The stadium, which is not part of the approval process because it is state property, is the worst possible development in the view of many West Side community groups and elected officials who fear more traffic on already jammed Hudson River tunnel approaches.

“The Hudson Yard plan is all about the stadium,” said City Councilmember Christine Quinn on Monday. “The dense high-rise commercial development is intended to raise enough taxes to pay for the stadium infrastructure,” she explained.

Anti-stadium residents got a boost last week when City Council Speaker Gifford Miller said he was against the stadium at an appearance before the Building Congress, a group of construction companies and labor unions strongly in favor of the stadium.

“It was a gutsy thing to do at the Building Congress,” Quinn said.

The plan as amended and approved by City Planning calls for increased zoning bonuses that allow developers to build denser, taller buildings in exchange for creating or preserving affordable housing.

The zoning bonuses were originally expected to encourage the creation of 2,100 affordable units (costing low- and moderate-income families not more than 30 percent of their income) among the 13,000 new apartments.

The amended Hudson Yard zoning bonus could produce or preserve between 2,600 and 3,100 affordable units, according to Rachaele Raynoff, spokesperson for City Planning. The units would be permanently affordable, Raynoff added. Nevertheless, it would be voluntary on the developers’ part whether or not to take advantage of the zoning bonuses.

Housing advocates, however, want the plan to mandate the creation of affordable apartments. More than 20 members of the Hell’s Kitchen/Hudson Yards Alliance who attended the City Planning Commission’s Monday vote walked out en masse in protest.

Quinn, who is a member of the Alliance, said on Monday that City Planning took a step in the right direction by increasing the affordable-housing incentive. “But they didn’t go far enough,” she added. “We hope to take it a lot further in the Council,” she added.
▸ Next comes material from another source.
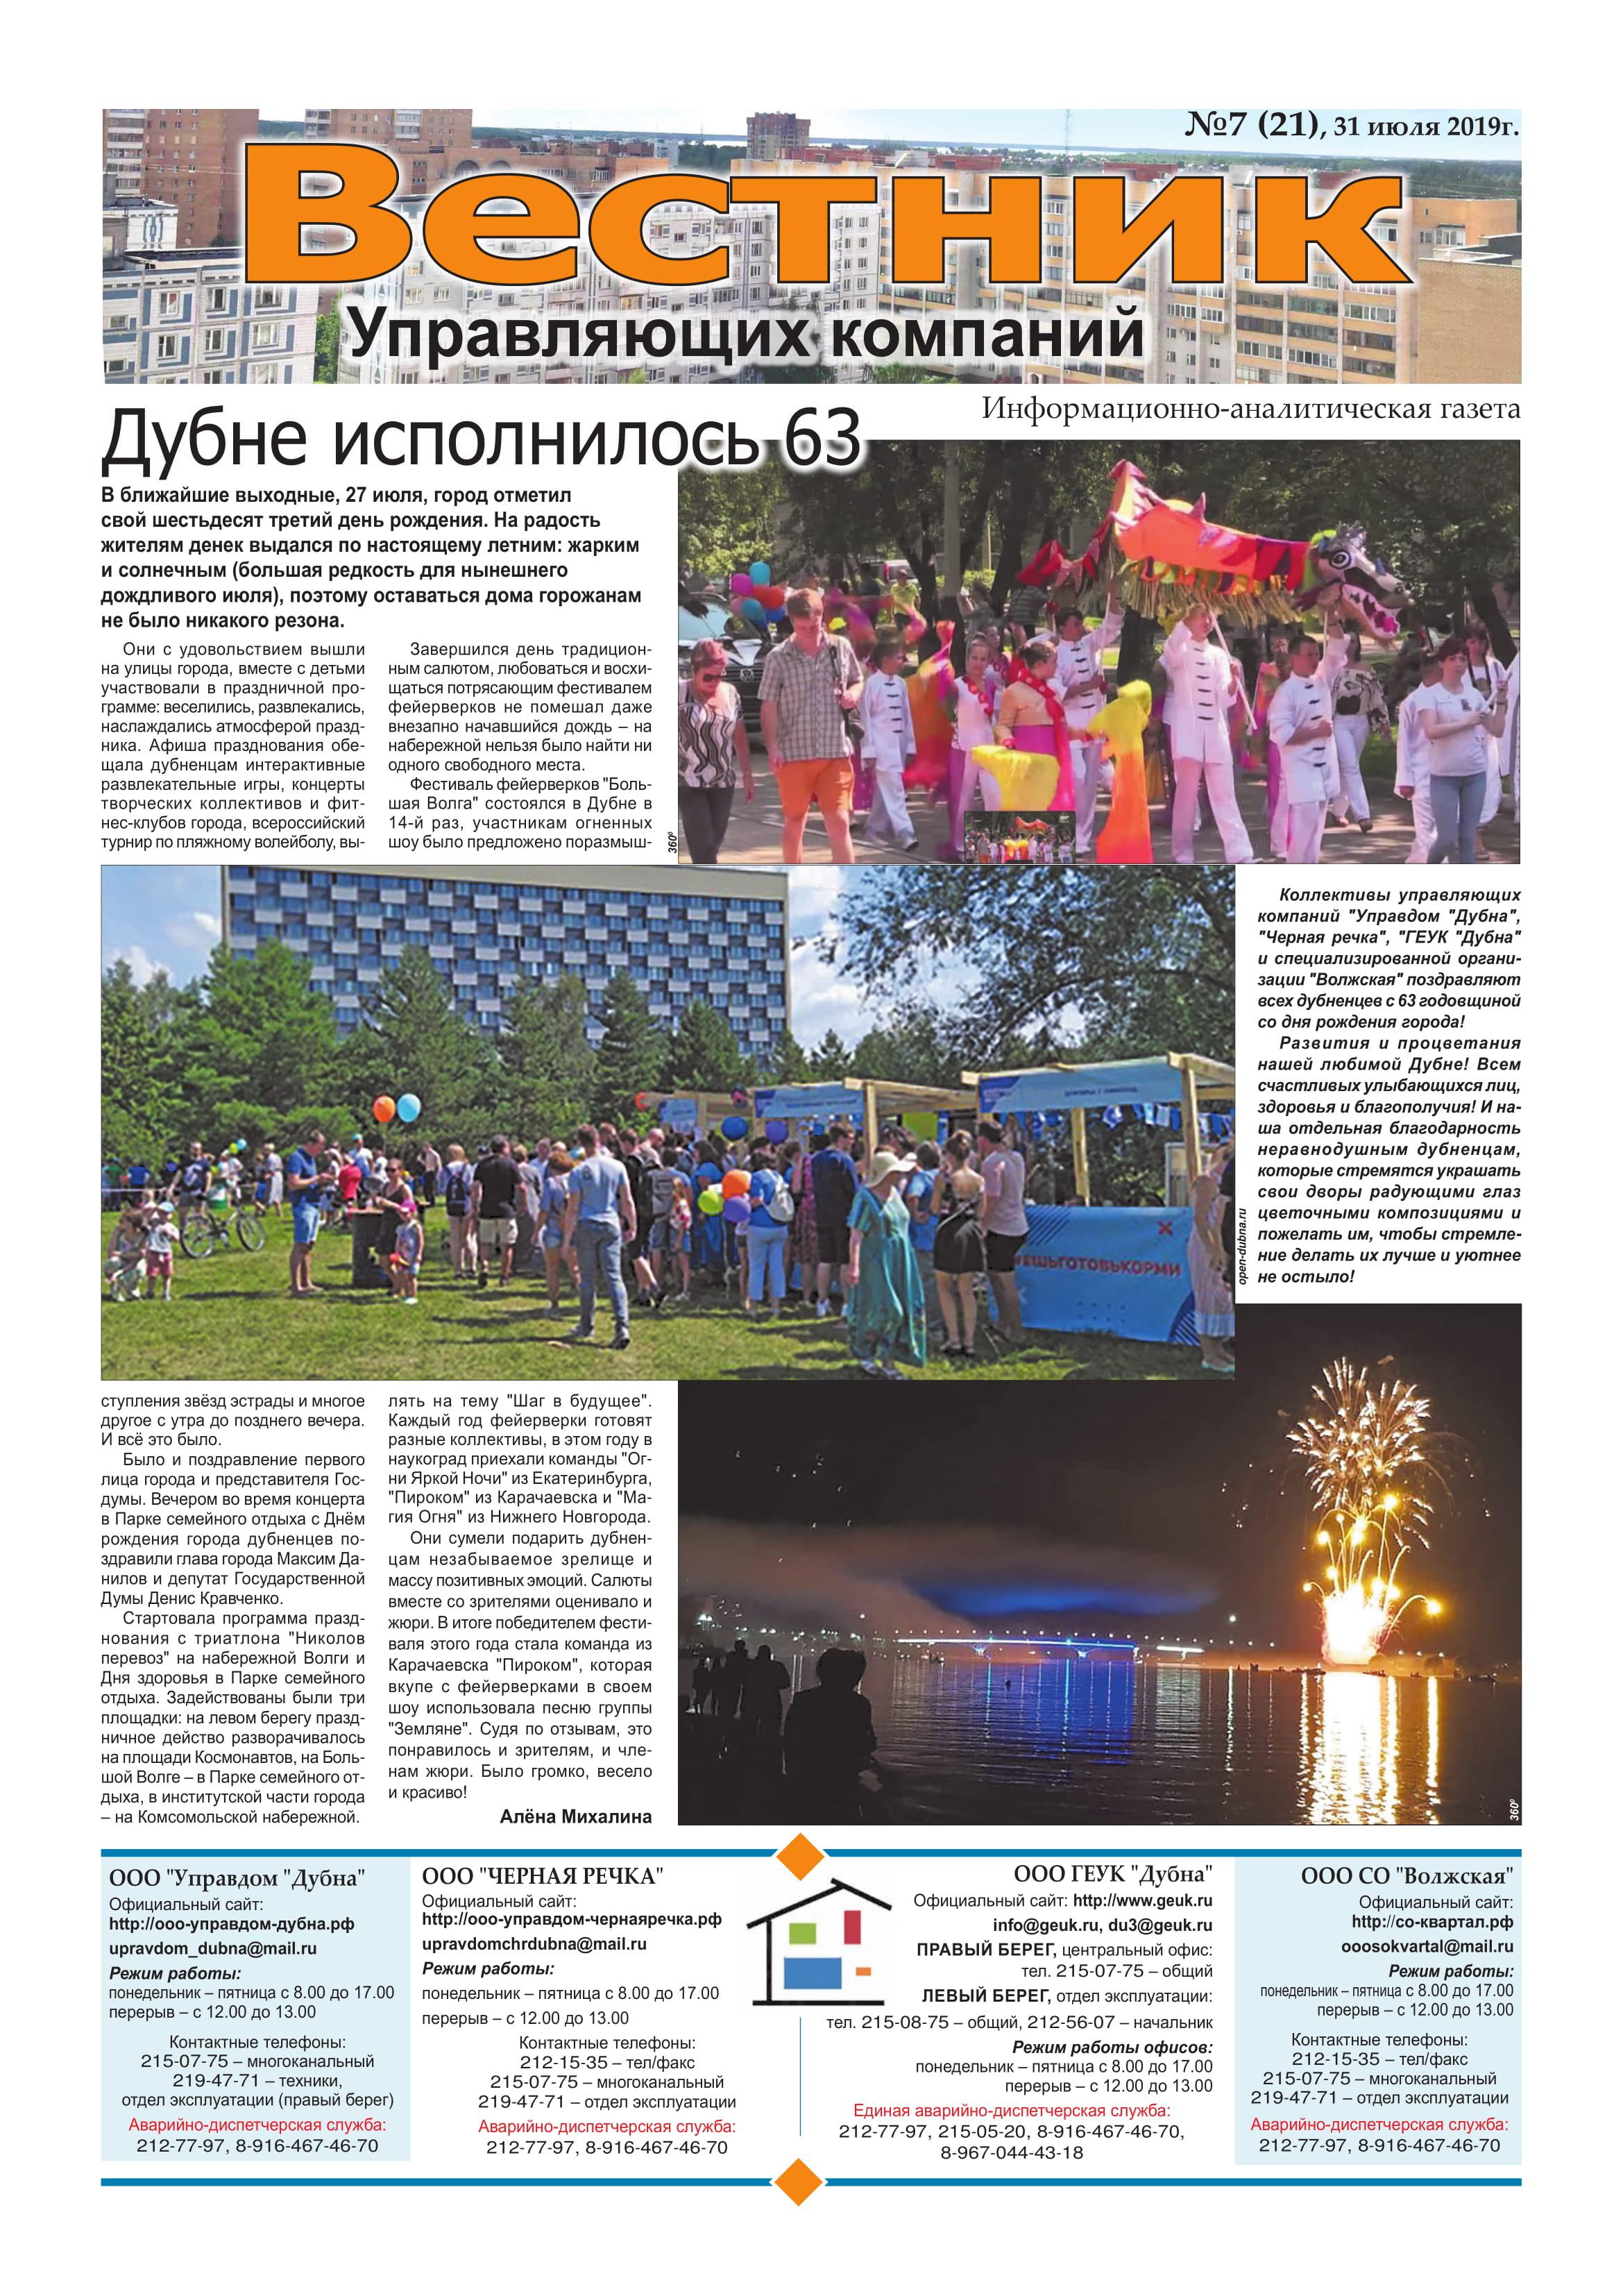 Вестник Управляющих компаний №7(21) от 31 июля 2019-1

However, Manhattan Borough President C. Virginia Fields said on Monday that she was pleased that City Planning was able to increase the number of affordable-housing units in the Hudson Yards. She also said she was gratified that the plan includes a provision for women- and minority-owned businesses in Hudson Yards contracting.

But Fields also said she doesn’t think the Hudson Yards are the best place to put a stadium. She added that she has doubts about financing and the cost of the project.

On Nov. 18, the Greenwich Village Chelsea Chamber of Commerce sponsored a presentation by Matt Higgins, a Jets vice president, and Mai Hariu, assistant director of Hudson Yards Coalition, an affiliate of NYC & Co, a business and union coalition that promotes tourism and supports the stadium.

Higgins said that fears of curb-to-curb traffic are unfounded. “Seventy percent of our fan base says it will use mass transit,” he said, mentioning ferries, trains and buses. Asked about the effect on Jets games that the recently reported potential closing of New York Waterway ferry service between New Jersey and Manhattan would have, Higgins acknowledged that it would be “unfortunate.” But he added that Waterway executives have told him they would run special ferry service during game days.

Hariu said that worries that commercial density in the Hudson Yards would dampen demand for commercial space in Lower Manhattan and chill Downtown recovery are exaggerated. New office space will come online Downtown earlier than Hudson Yards, although there is likely to be a five-year overlap when both areas are competing for tenants, she said. “We need to offer prospective tenants a variety of options,” she added.